Абрикосовая дала обильную желтую пену, и в воздухе запахло парикмахерской. Напившись,
литераторы немедленно начали икать, расплатились и уселись на скамейке лицом
к пруду и спиной к Бронной.
Тут приключилась вторая странность, касающаяся одного Берлиоза. Он внезапно
перестал икать, сердце его стукнуло и на мгновенье куда-то провалилось, потом
вернулось, но с тупой иглой, засевшей в нем. Кроме того, Берлиоза охватил необоснованный,
но столь силный страх, что ему захотелось тотчас же бежать с Патриарших без
оглядки. Берлиоз тоскливо оглянулся, не понимая, что его напугало. Он побледнел,
вытер лоб платком, подумал: «Что это со мной? Этого никогда не было... сердце
шалит... я переутомился. Пожалуй, пора бросить все к черту и в Кисловодск...»
И тут знойный воздух сгустился перед пим, и соткался из этого воздуха прозрачный
гражданин престранного вида. На маленькой головке жокейский картузик, кледчатый
кургузый воздушный же пиджачок... Гражданин ростом в сажень, но в плечах узок,
худ неимоверно, и физиономия, прошу заметить, глумливая.
Жизнь Берлиоза складывалась так, что к необыкновенным явлениям он не привык.
Еще более побледнев, он вытаращил глаза и в смятении подумал: «Этого не может
быть»!
Но это, увы, было, и длинный, сквозь которого видно, гражданин, не касаясь земли,
качался перед ним и влево и вправо.
Тут ужас до того овладел Берлиозом, что он закрыл глаза. А когда он их открыл,
увидел, что все кончилось, марево растворилось, клетчатый исчез, а заодно и
тупая игла выкочила из сердца.
– Фу ты черт! – воскликнул редактор, – ты знаешь, Иван, у меня сейчас едва удар
от жары не сделался! Даже что-то вроде галлюцинации было, – он попытался усмехнуться,
но в глазах его еще прыгала тревога, и руки дрожали.

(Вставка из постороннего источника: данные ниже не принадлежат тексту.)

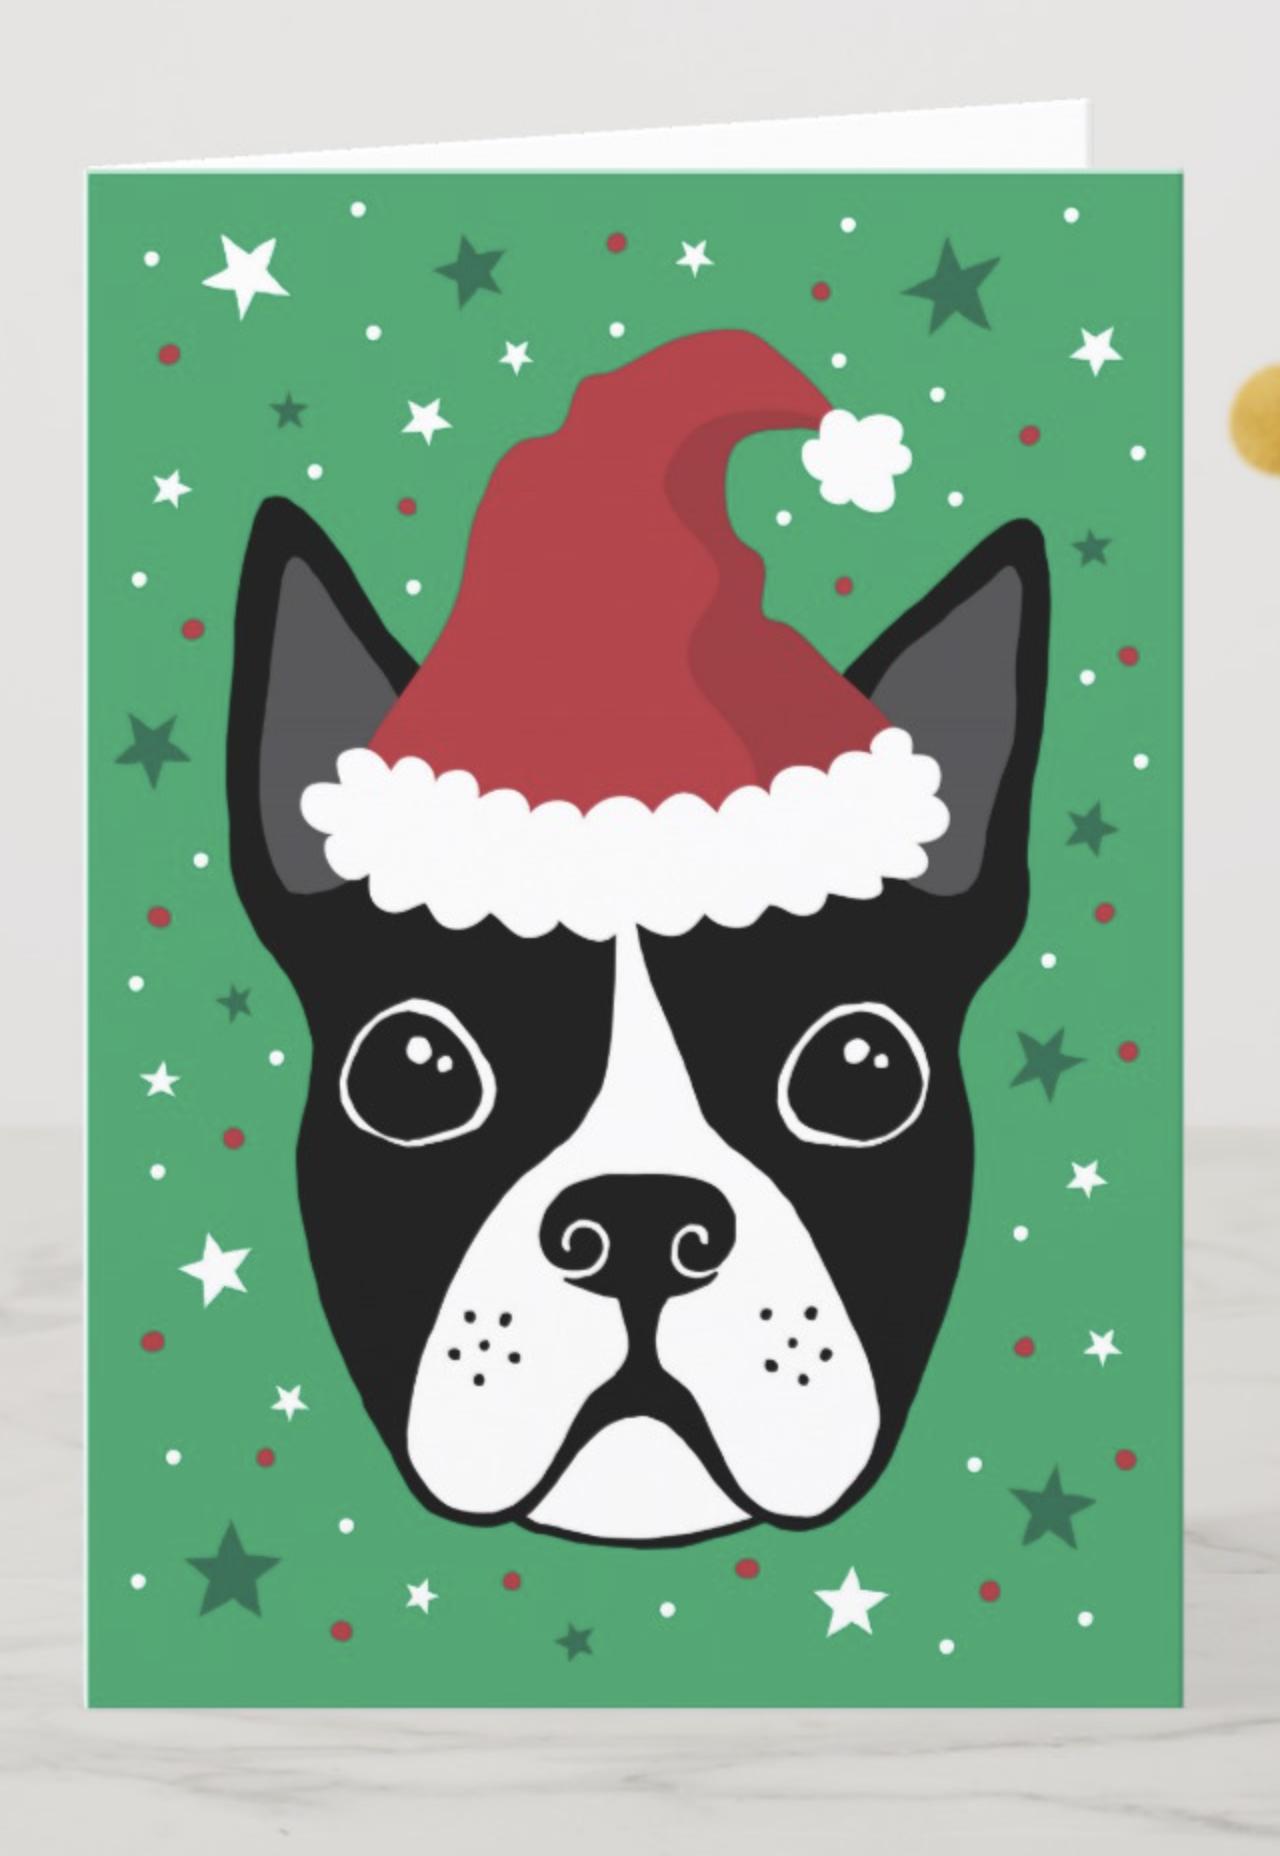 Boston Terrier Christmas Card Dog Wearing Santa Zazzle Com In 2020 Boston Terrier Christmas Card Dog Christmas Card Boston Terrier Christmas

Однако постепенно он успокоился, обмахнулся платком и, произнеся довольно бодро:
«Ну-с, итак...» – повел речь, прерванную питьем абрикосовой.
Речь эта, как впоследствии узнали, шла об Иисусе Христе. Дело в том, что редактор
заказал поэту для очередной книжки журнала большую антирелигиозную поэму. Эту
поэму Иван Николаевич сочинил, и в очень короткий срок, но, к сожалению, eю
редактора нисколько не удовлетворил. Очертил Бездомный главное действующее лицо
своей поэмы, то есть Иисуса, очень черными красками, и тем не менее всю поэму
приходилось, по мнению редактора, писать заново. И вот теперь редактор читал
поэту нечто вроде лекции об Иисусе, с тем чтобы подчеркнуть основную ошибку
поэта. Трудно сказать, что именно подвело Ипвана Николаевича – изобразительная
ли сила его таланта или полное незнакомство с вопросом, по которому он собирался
писать, – но Иисус в его изображении получился ну совершенно как живой, хотя
и не привлекающий к себе персонаж. Берлиоз же хотел доказать поэту, что главное
не в том, каков был Иисус, плох ли, хорош ли, а в том, что Иисуса-то этого,
как личности, вовсе не существовало на свете и что все рассказы о нем – простые
выдумки, самый обыкновенный миф.
Надо заметить, что редактор был человеком начитанным и очень умело указывал
в своей речи на древних историков, например, на знаменитого Филона Александрийского,
на блестяще образованного Иосифа Флавиа, никогда ни словом не упоминавших о
существовании Иисуса. Обнаруживая солидную эрудицию, Михаил Александрович сообщил
поэту, между прочим, и о том, что то место в пятнадцатой книге, в главе 44-й
знаменитых Тацитовых «Анналов», где говорится о казни Иисуса, – есть не что
иное, как позднейшая поддельная вставка.
Поэт, для которого все, сообщаемое редактором, являлось новостью, внимательно
слушал Михаила Александровича, уставив на него свои бойкие зеленые глаза, и
лишь изредка икал, шепотом ругая абрискосовую воду.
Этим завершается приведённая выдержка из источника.